:: Source data ::
· · · · · · ·

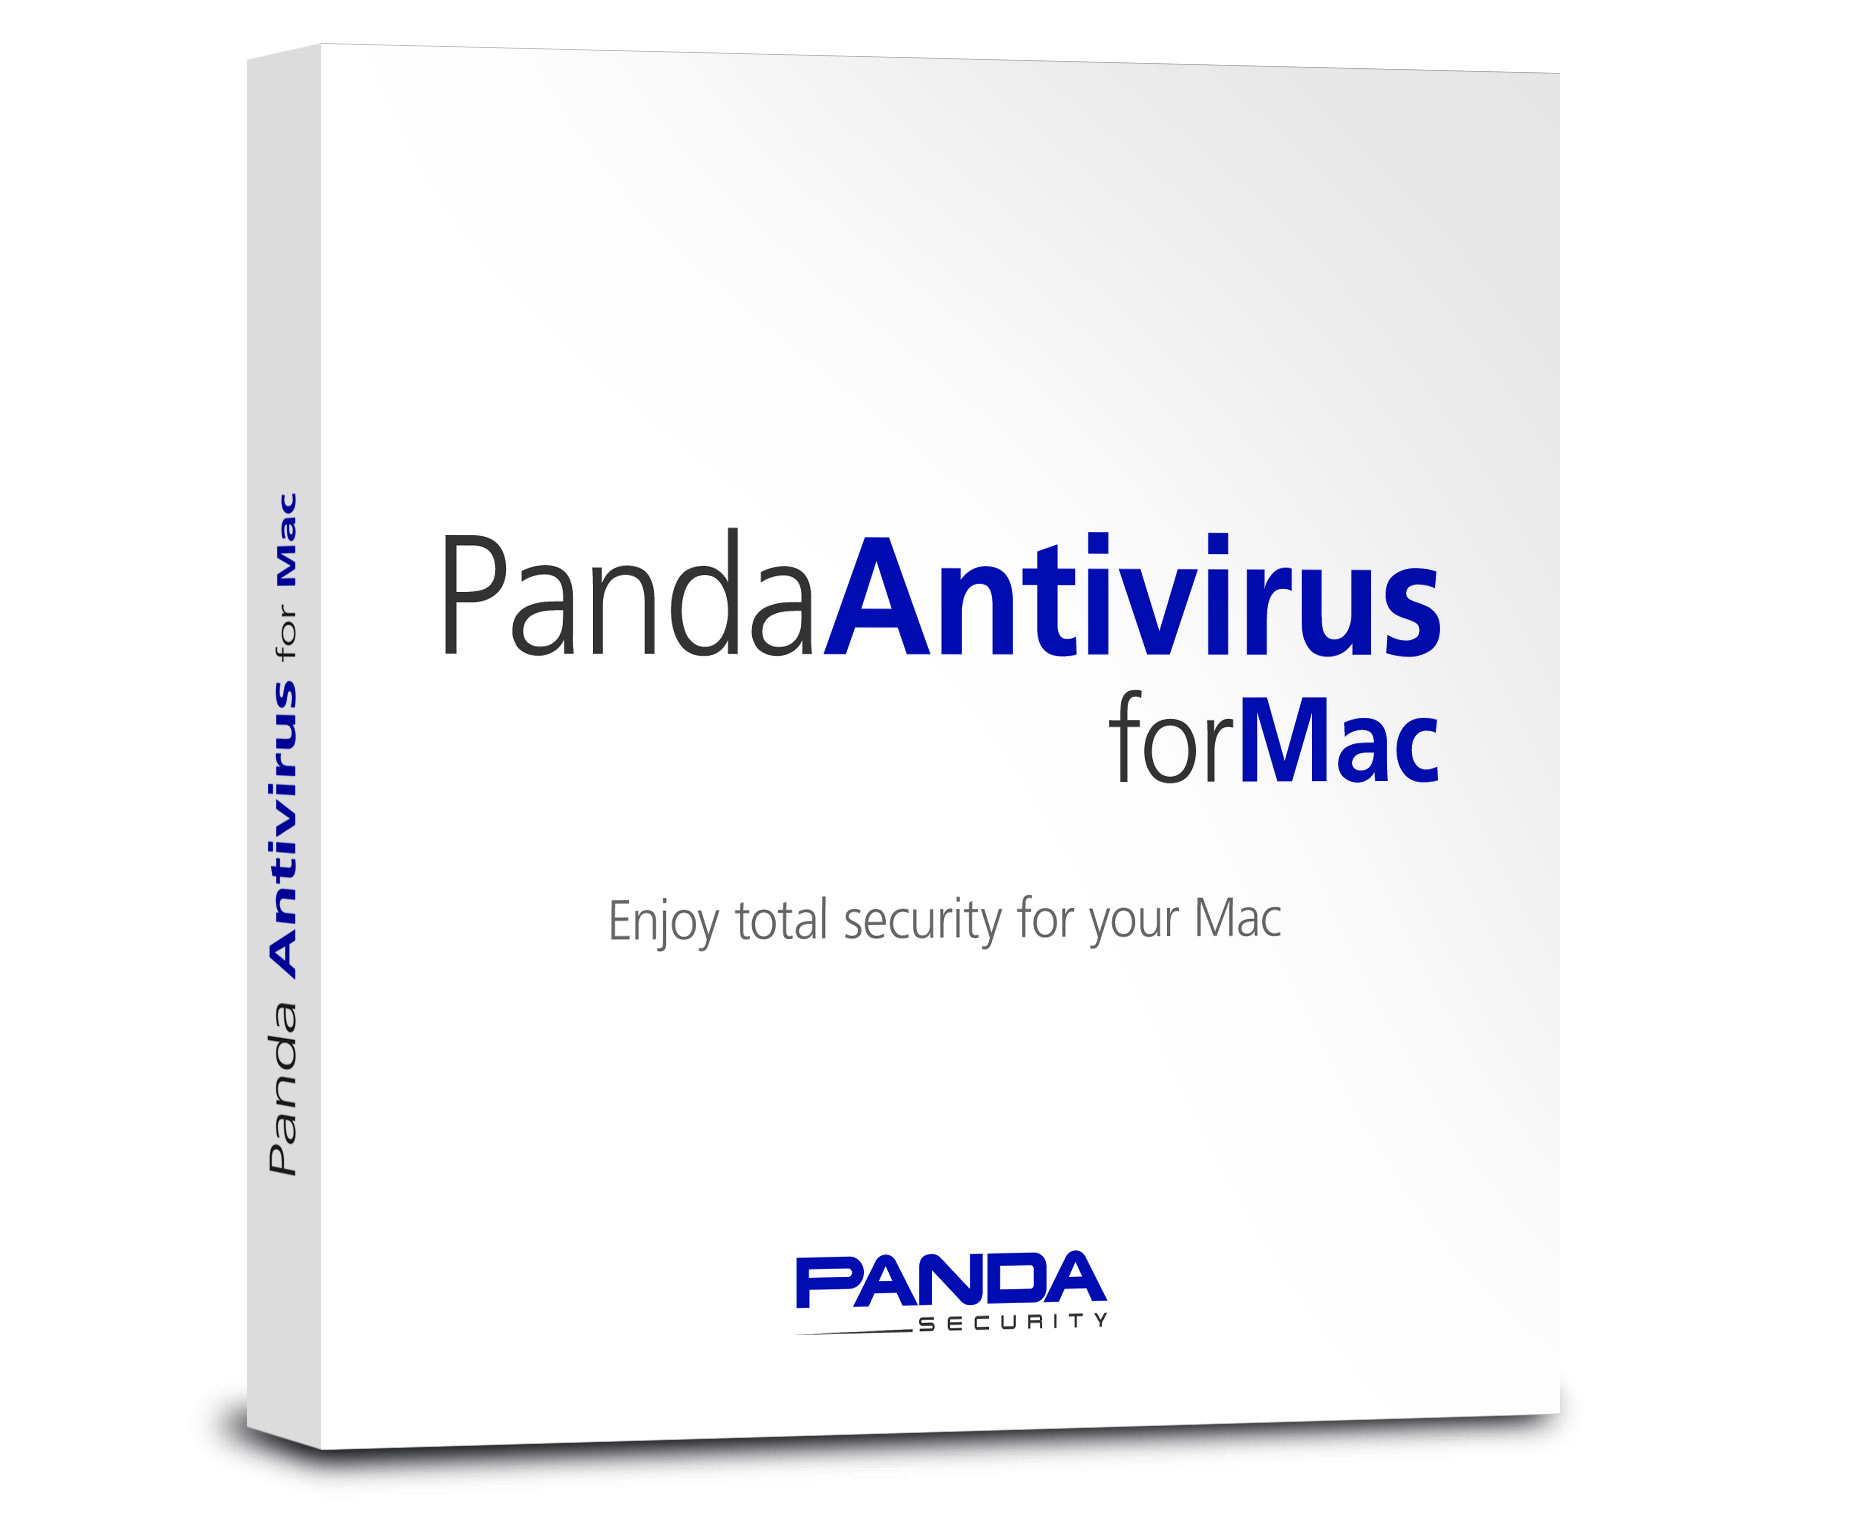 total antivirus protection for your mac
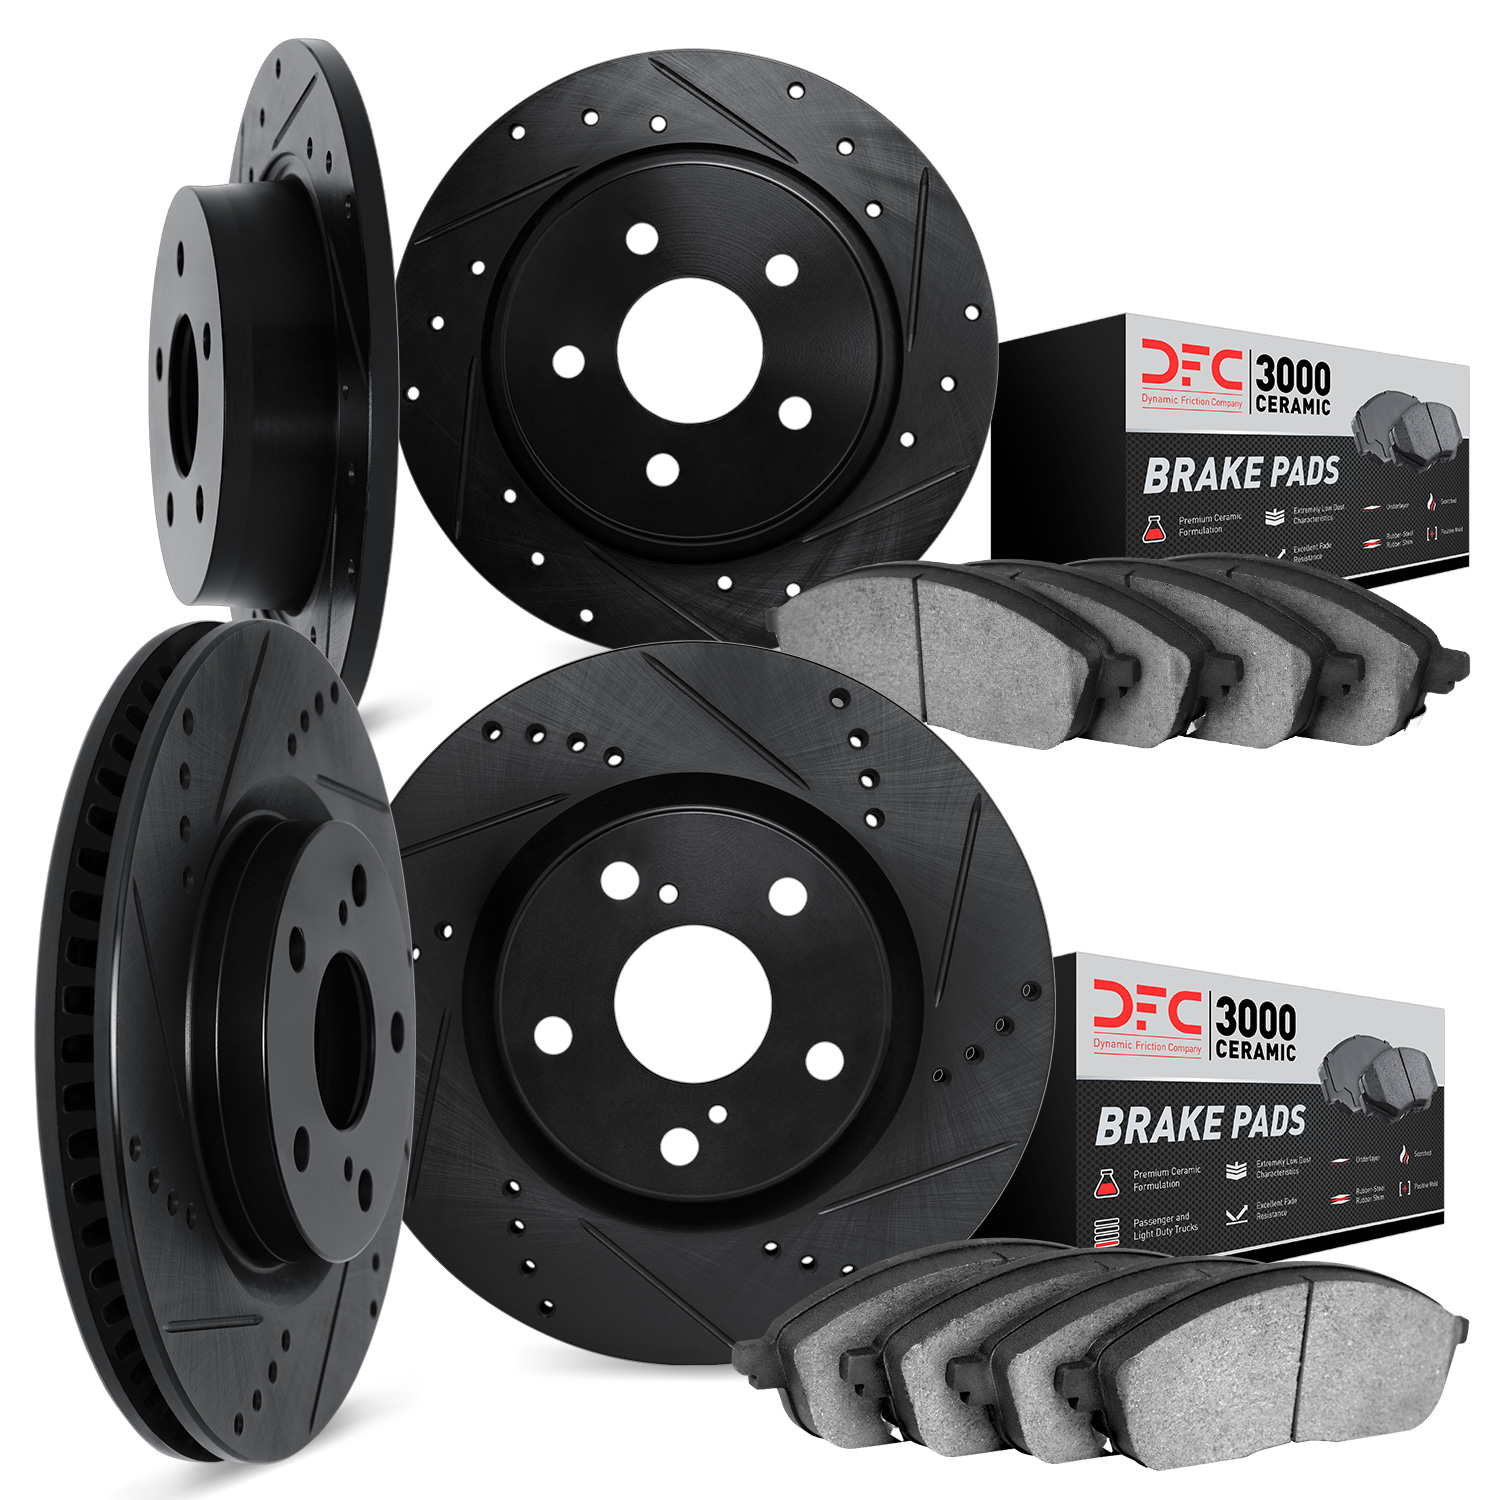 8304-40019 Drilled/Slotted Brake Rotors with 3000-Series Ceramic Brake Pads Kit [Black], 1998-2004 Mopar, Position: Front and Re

· · · · · · ·

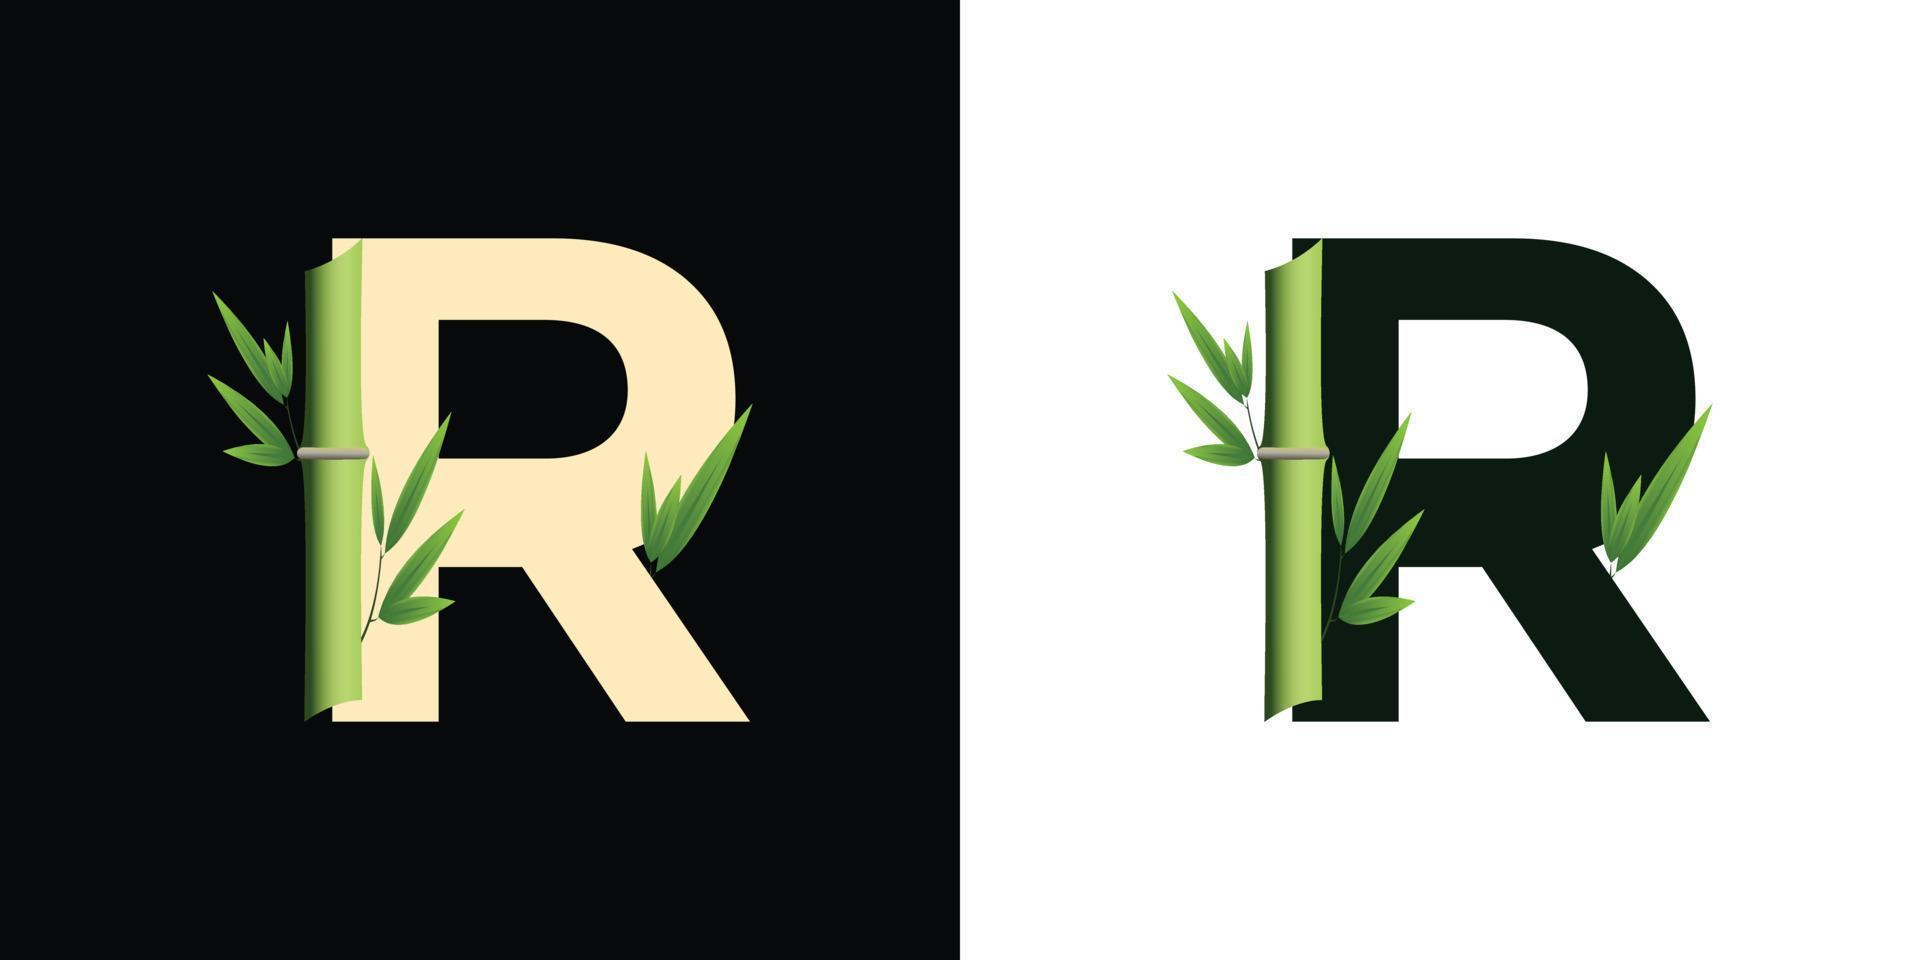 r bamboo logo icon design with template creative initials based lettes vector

· · · · · · ·

:: What to work on ::
Start at the line containing "total antivirus protection for your mac" above and stop at the line containing "8304-40019 Drilled/Slotted Brake". Output those lines exactly, both included, but none of the pictures.

:: Your response ::
 total antivirus protection for your mac
 8304-40019 Drilled/Slotted Brake Rotors with 3000-Series Ceramic Brake Pads Kit [Black], 1998-2004 Mopar, Position: Front and Re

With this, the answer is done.